● Data for analysis:
..........

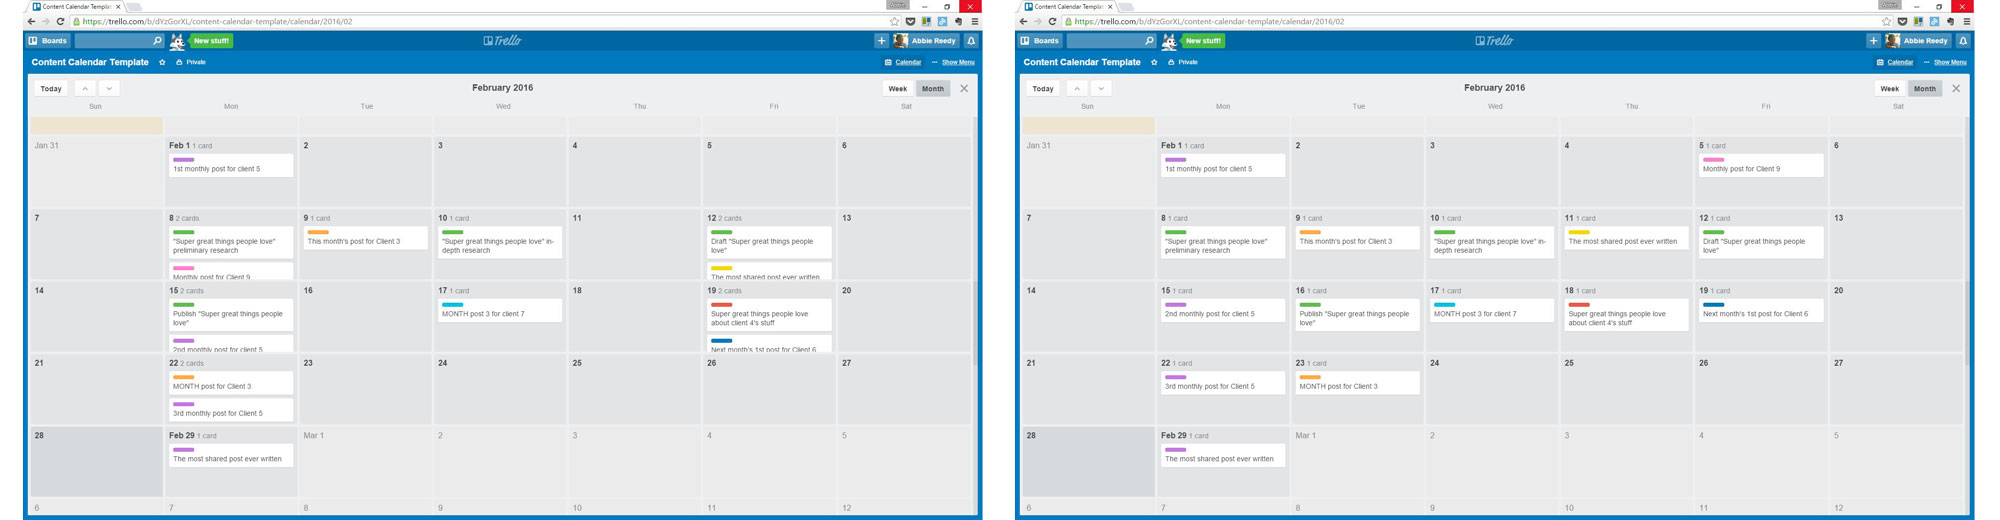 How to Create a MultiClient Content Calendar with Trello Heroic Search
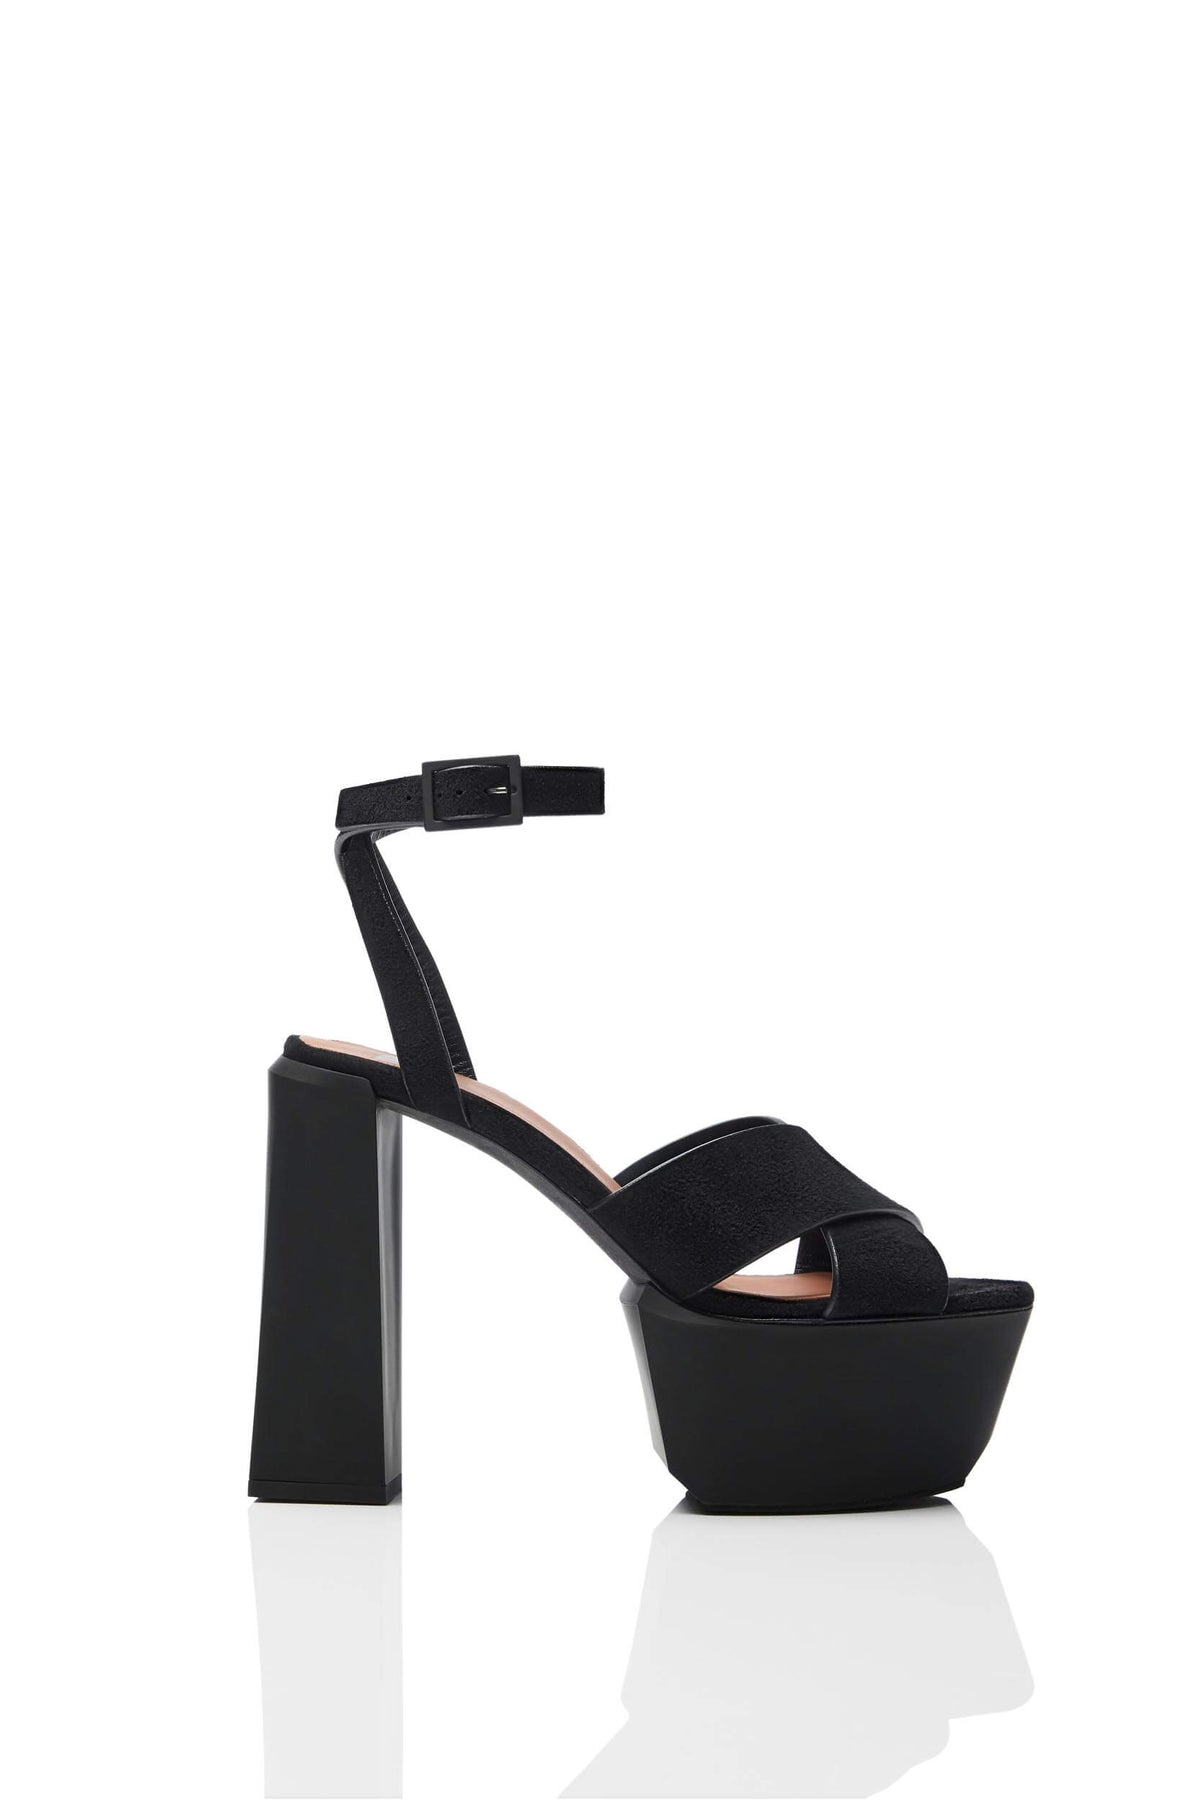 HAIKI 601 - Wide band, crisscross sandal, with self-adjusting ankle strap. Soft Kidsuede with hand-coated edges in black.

..........

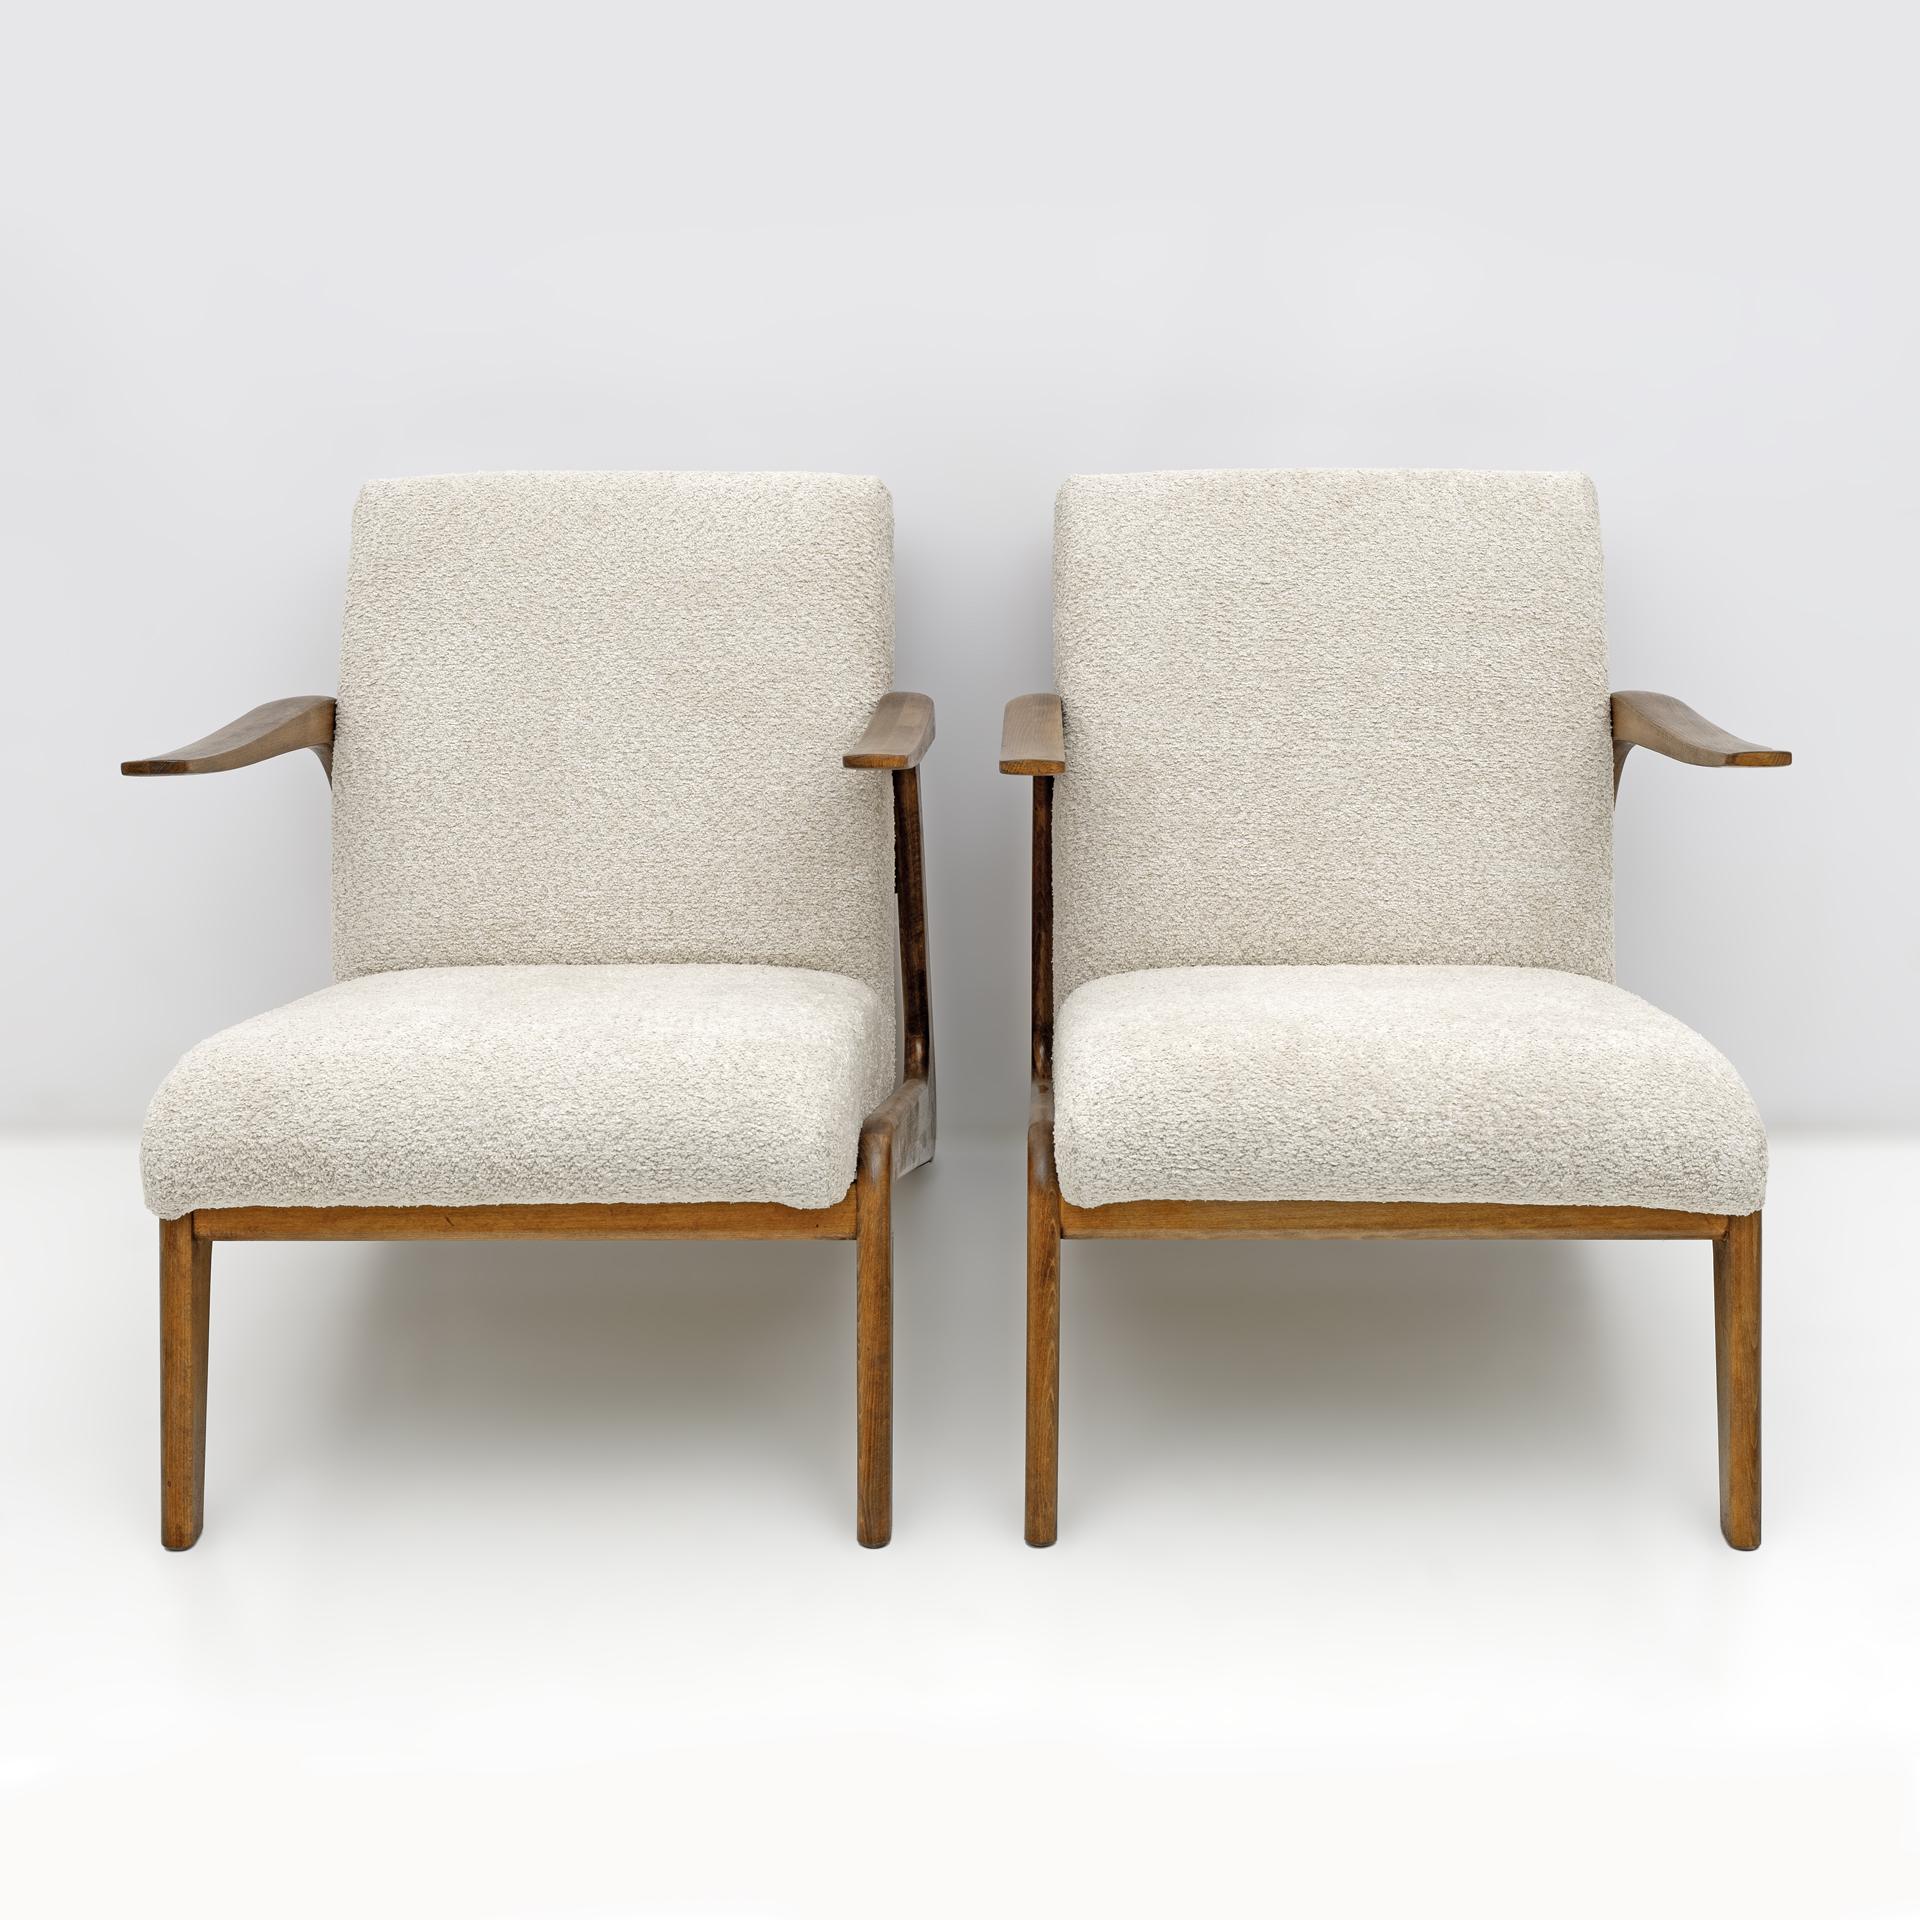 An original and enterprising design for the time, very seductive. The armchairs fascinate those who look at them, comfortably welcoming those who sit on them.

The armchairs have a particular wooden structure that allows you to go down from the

..........

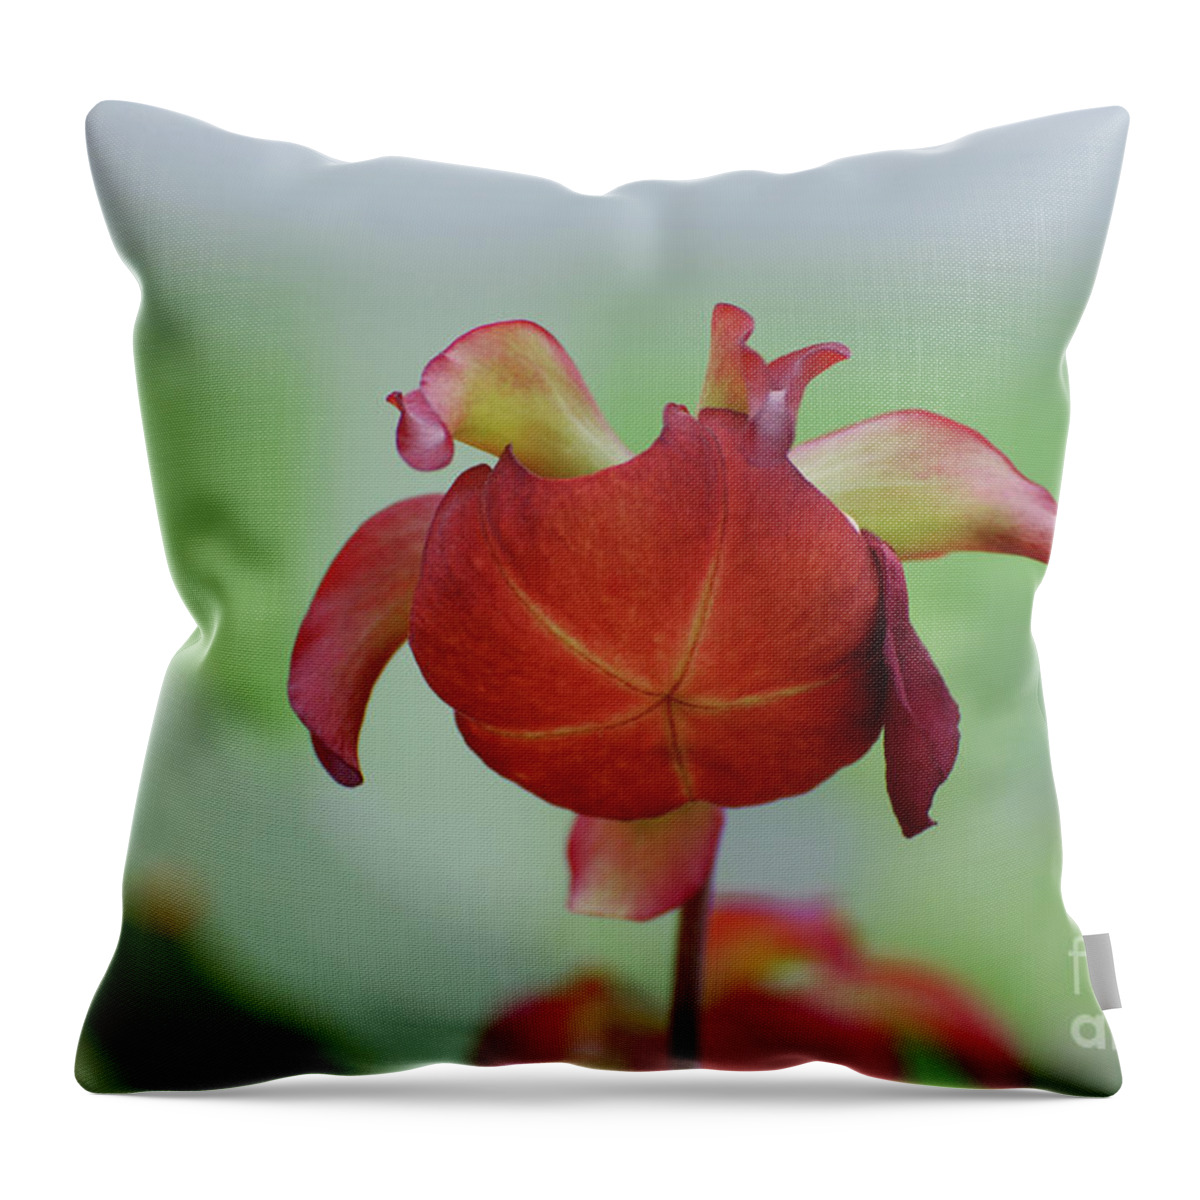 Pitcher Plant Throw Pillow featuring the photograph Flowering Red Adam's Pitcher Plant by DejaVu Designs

..........

● What this task involves:
Precisely those lines above that run from the line with "How to Create" up to and including the line with "HAIKI 601 - Wide" are to be set down, with the pictures omitted.

● Solution for this task:
 How to Create a MultiClient Content Calendar with Trello Heroic Search
 HAIKI 601 - Wide band, crisscross sandal, with self-adjusting ankle strap. Soft Kidsuede with hand-coated edges in black.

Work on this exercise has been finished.